# Methods to Create Learning and Testing Envoirnment for Classification models

Broadly, classificaition models works in majorly two steps namely, learning and testing. Where the learning phase is used to train the classification model whereas, performance of the trained model is evaluated during testing phase. In order to design these steps, the given data set is divided into training and test sets. The key difference between these two subsets of data set is that the information on class labels is provided to the model whereas, in test set the class labels are hidden from the model. 
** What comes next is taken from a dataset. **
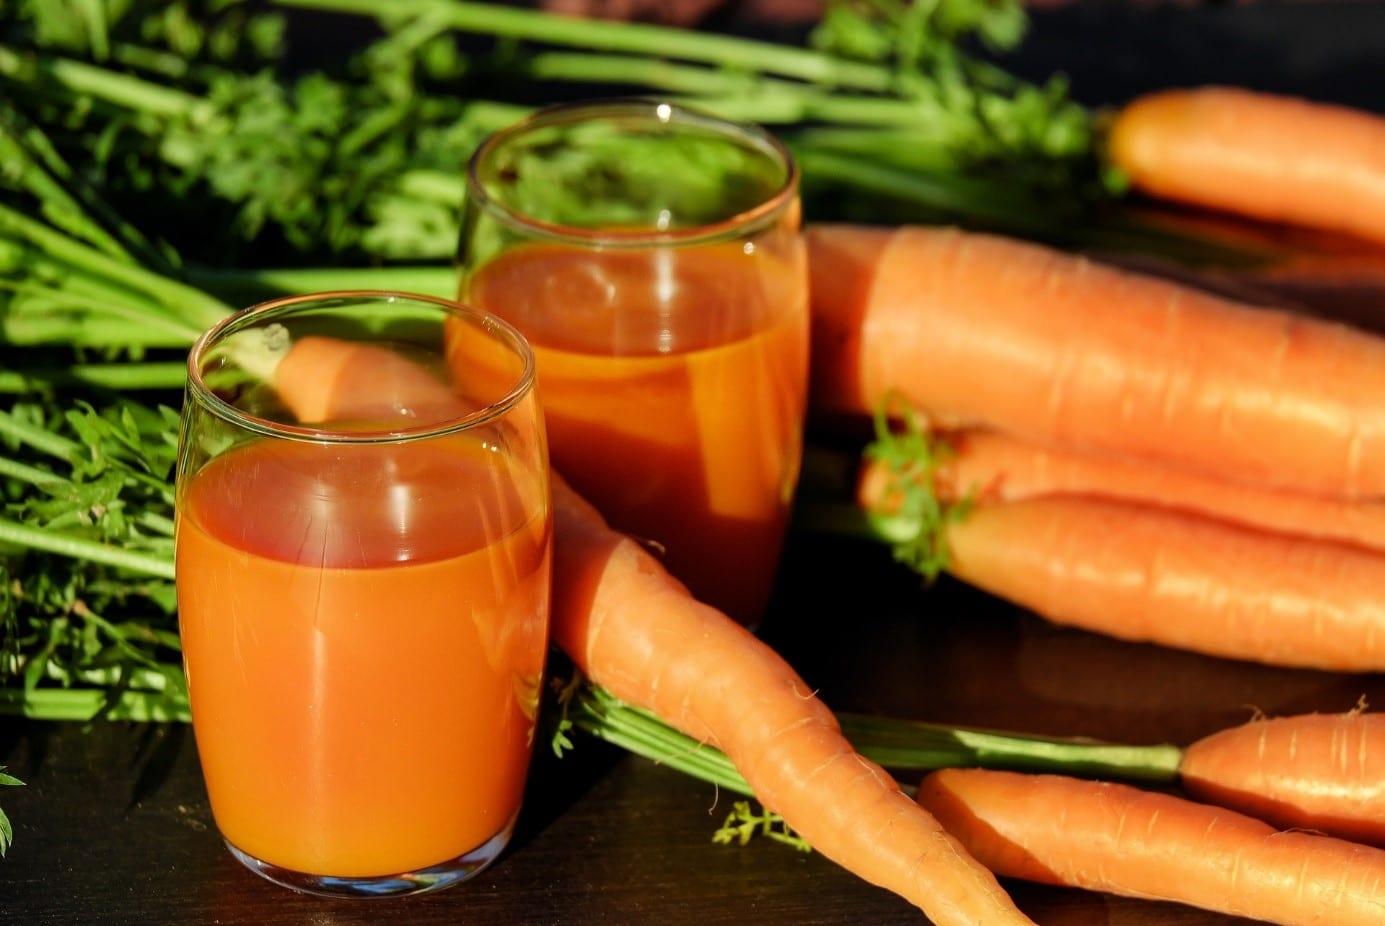 Béta karotin szem vitamin répa

There are different techniques that can use the given data set to create robust learning the and create useful estimates of performance of the classification models. Below are useful techniques

1. Hold-out

Under Hold-out method, given data set is randomly divided into training set(70-80%) and test set (30-20%). The training data set is used to train the model and the trained model is tested is on test data set using evaluation metrices such as accuracy, confusion matrix, precision, recall and more. 
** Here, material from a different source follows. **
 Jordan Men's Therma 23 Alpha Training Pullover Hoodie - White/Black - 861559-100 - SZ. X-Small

Key features of  Hold-out technique

1. It is the simplest method to train and test any classification model. The size of split 
can depend on the size and specifics of the data set. Although (70-30)% is common split 
setting.

2. Using Hold-out, the algorithm evaluation is fast. 

3. It is suitable for large data sets where there is strong evidence that both the slipts 
of the data are true representative of the underlying domain.

4. The major downside of Hold-out method is that the model trained can be a high variance 
model. It is for the reason that model training is done on only one sample of training 
data. This kind of learning where only one sample is given to the model to train may 
not develop a robut learning. A robust/ low variance model do not fluctuate much in 
performance whereas, high variance model indicates less stability in terms of 
performance. This method does not allow a exhaustive learning of the model. 




2. Repeated Hold-out

This is the variation of Hold-out method. Where instead of making one sample set of training and test sets, we create n sample sets of traning and test sets. Where n is entered by the user. The model is trained and tested on each sample set and performance is evaluated. This way, we get performance of the model on n different sample inputs. The average performance of the model can be evaluated by taking average of performances on different runs. 

Key features of  Repeated Hold-out technique

1. It is suitable for large data sets.

2. Repeated Hold-out helps to produce low variance model( because of differnt n training 
samples are used for learning).

3.  The major downside of this method is that creation of n samples of training and test 
sets from the same data set may produce repititions in train and test splits. 


3. k-fold cross validation

k-fold cross validation is an approach helps to develop more robust/stable and low variance model. Its key strategy is that we first create random set of training and test set for the given dataset. Apply k-fold cross validation on training set. Where given training set is divided into k folds. The model is trained on k-1 folds and one fold held back for evaluation. This process is repeated so that each fold is given a chance once as training and once as testing. After running k-cross validation, we end up with k different performance scores that we can summerize using mean. The mean score gives us the estimate of performance of model on the unseen data. Under K-fold cross validation, model undergoes rigorous training by providing it different set of training data on each run. The mean performance of the model more than 80% under K-fold cross validation ensures low varianace and highly stable model. 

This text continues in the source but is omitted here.